# [Data below]
*-*-*
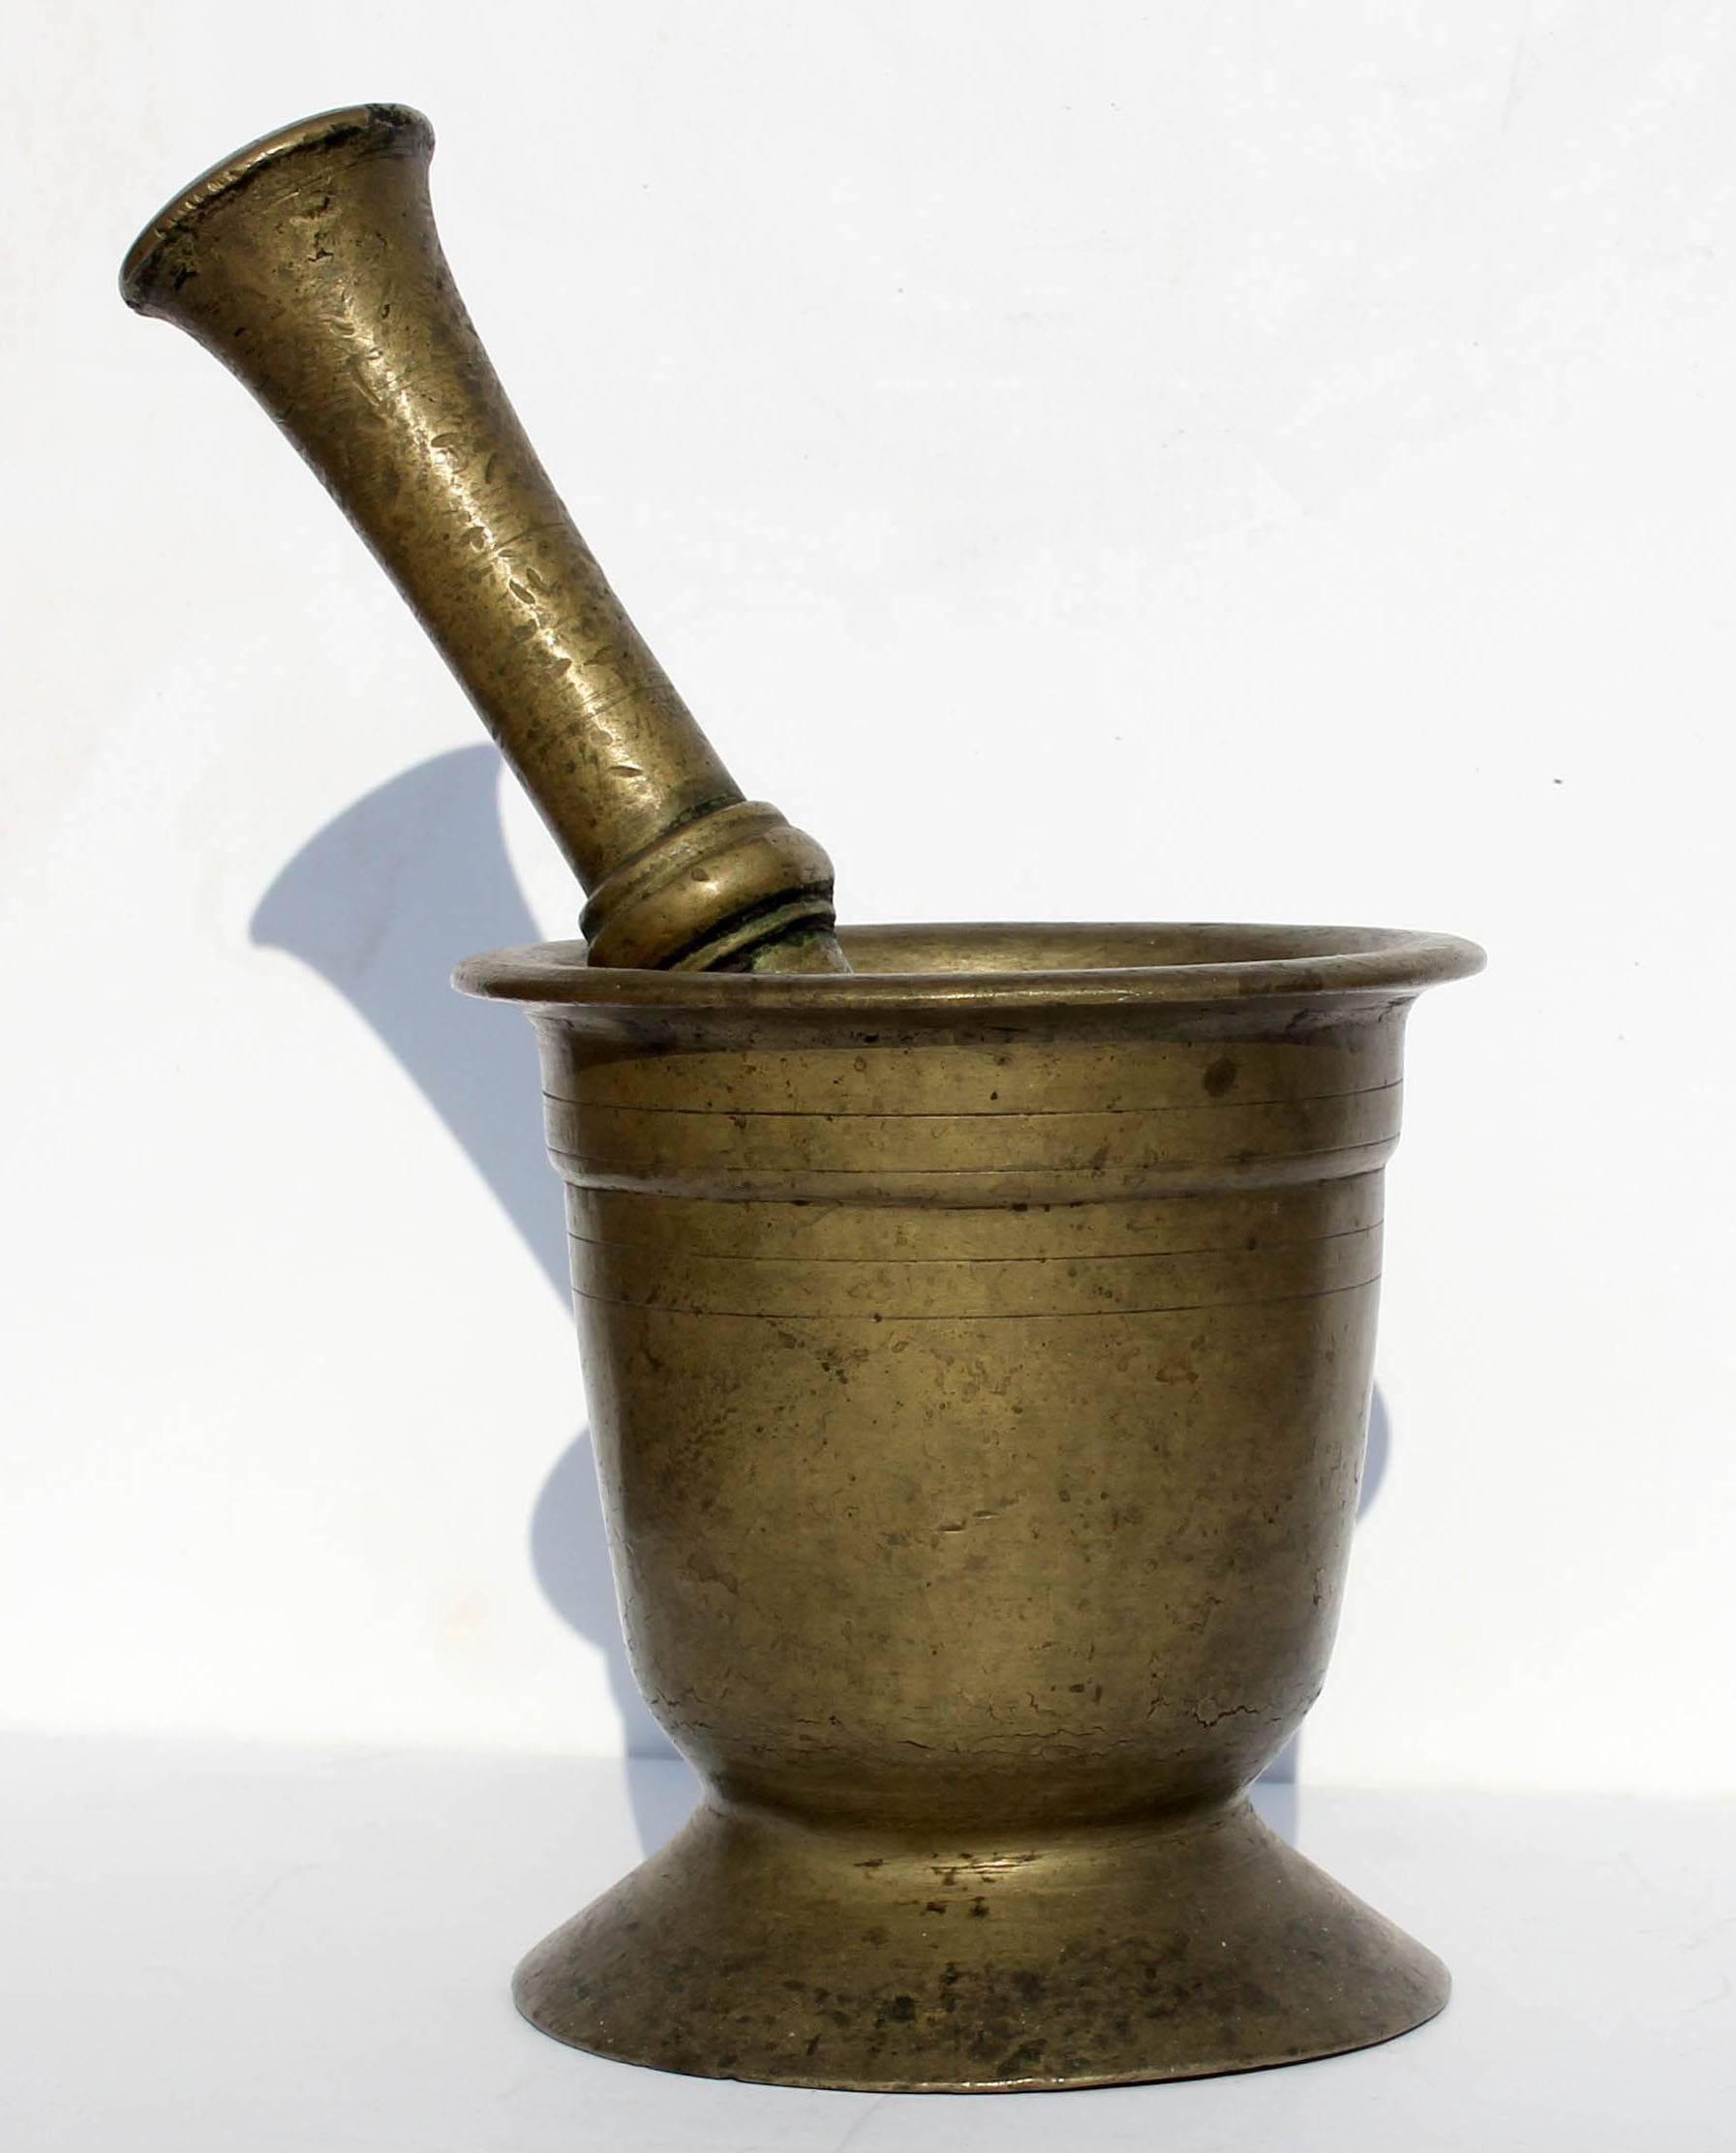 18th century brass mortar and pestle. Very heavy casting. Lots of great old wear.
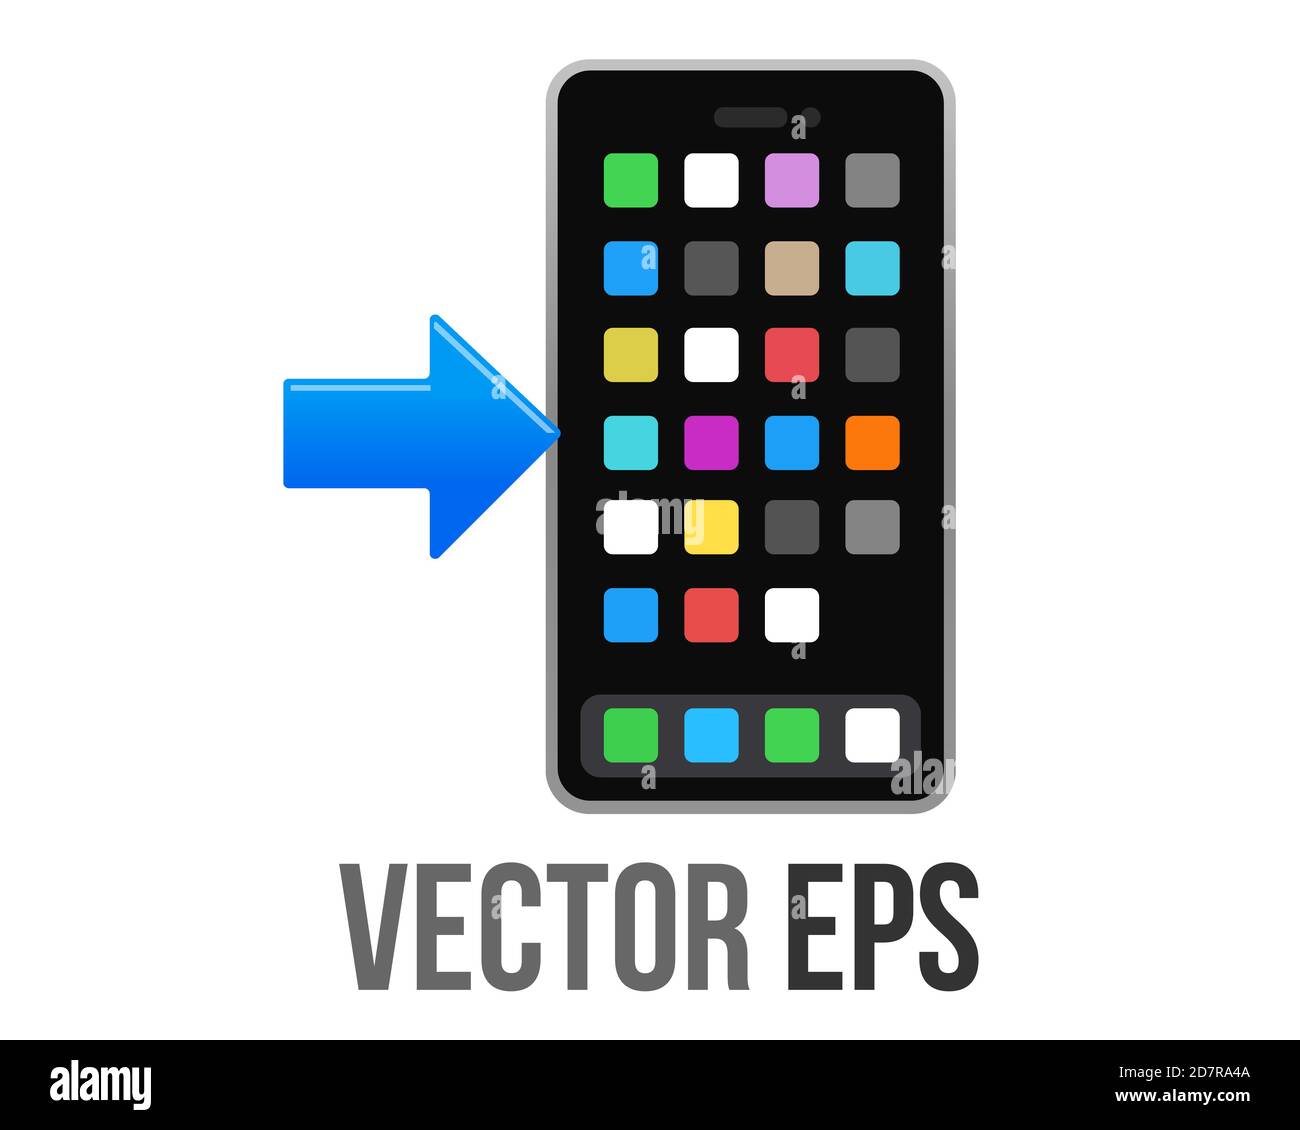 The isolated vector mobile phone icon with rightward arrow pointed at it from left, intended incoming call or message Stock Vector
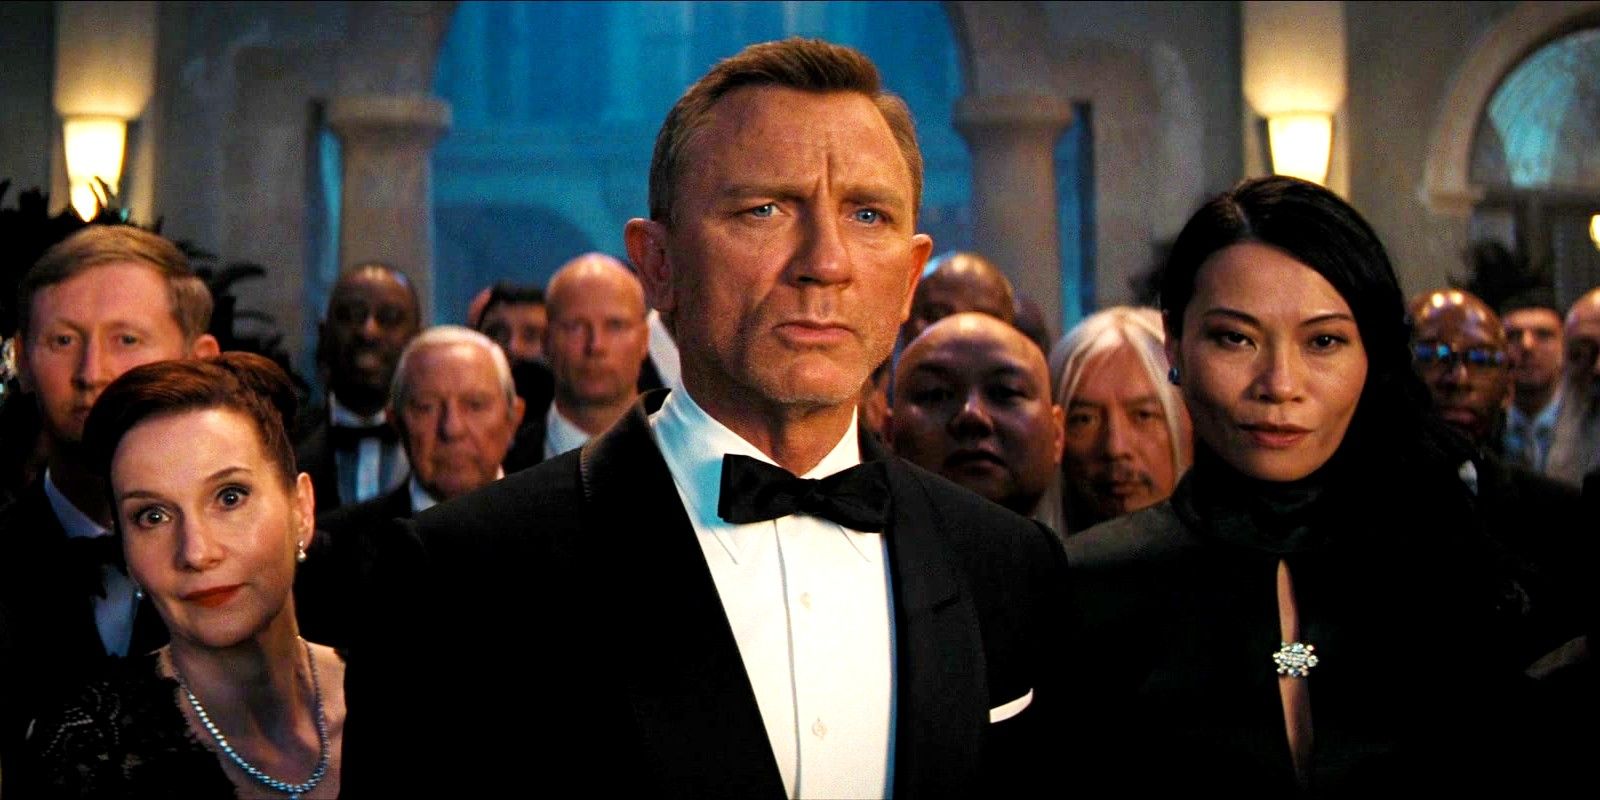 Daniel Craig as James Bond at a party in No Time to Die
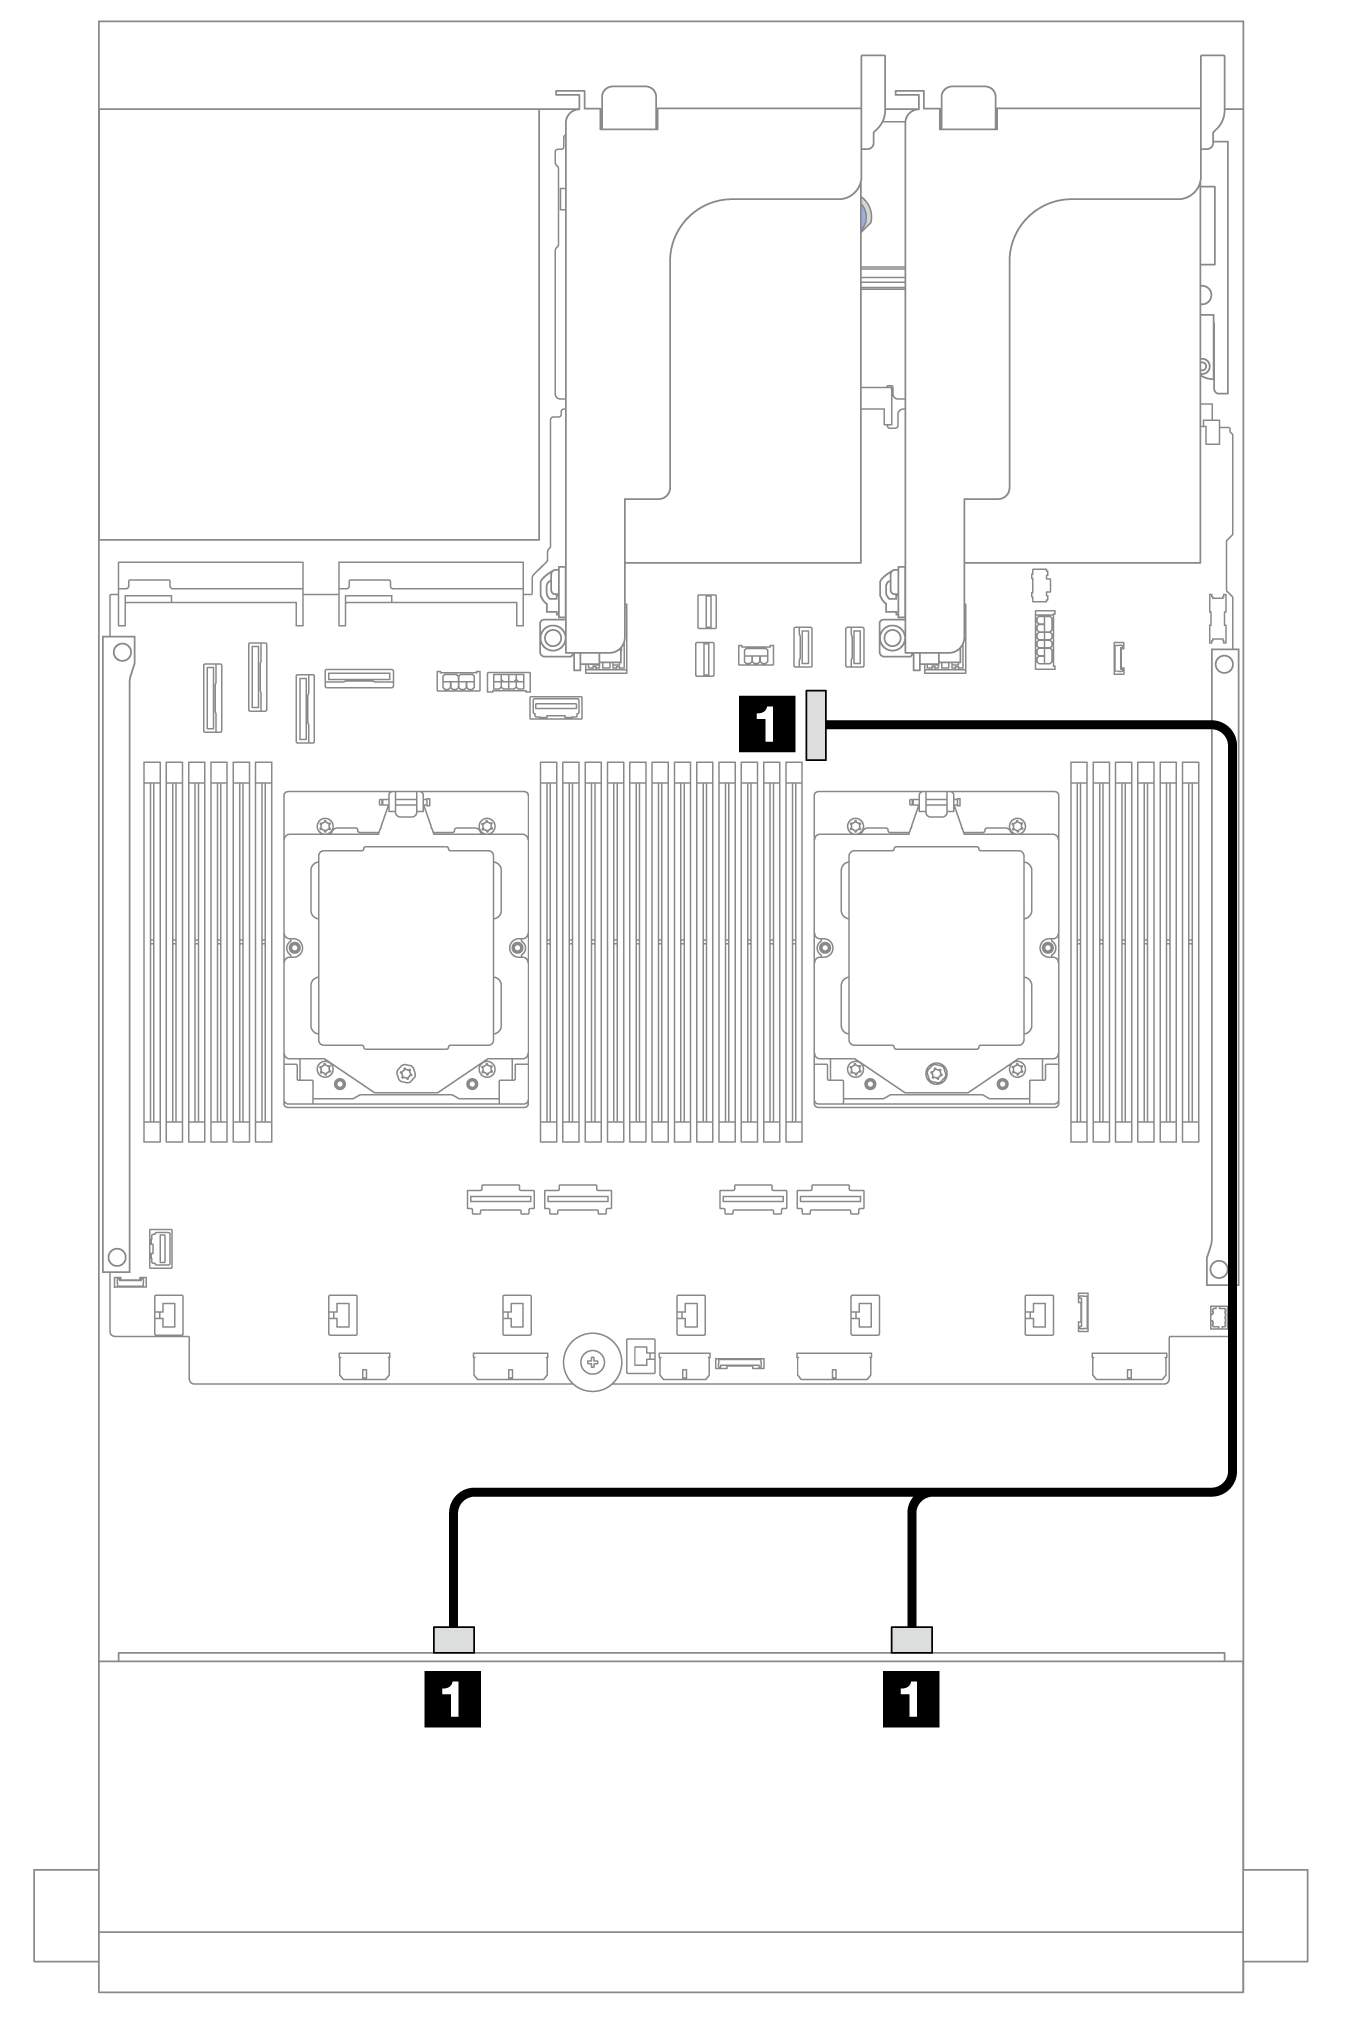 Cable routing to onboard SATA connector
*-*-*
# [Work order]
Everything from the line containing "The isolated vector" to the last line of the listing above must be reproduced exactly, with no pictures included.

# [Result for this task]
 The isolated vector mobile phone icon with rightward arrow pointed at it from left, intended incoming call or message Stock Vector
 Daniel Craig as James Bond at a party in No Time to Die
 Cable routing to onboard SATA connector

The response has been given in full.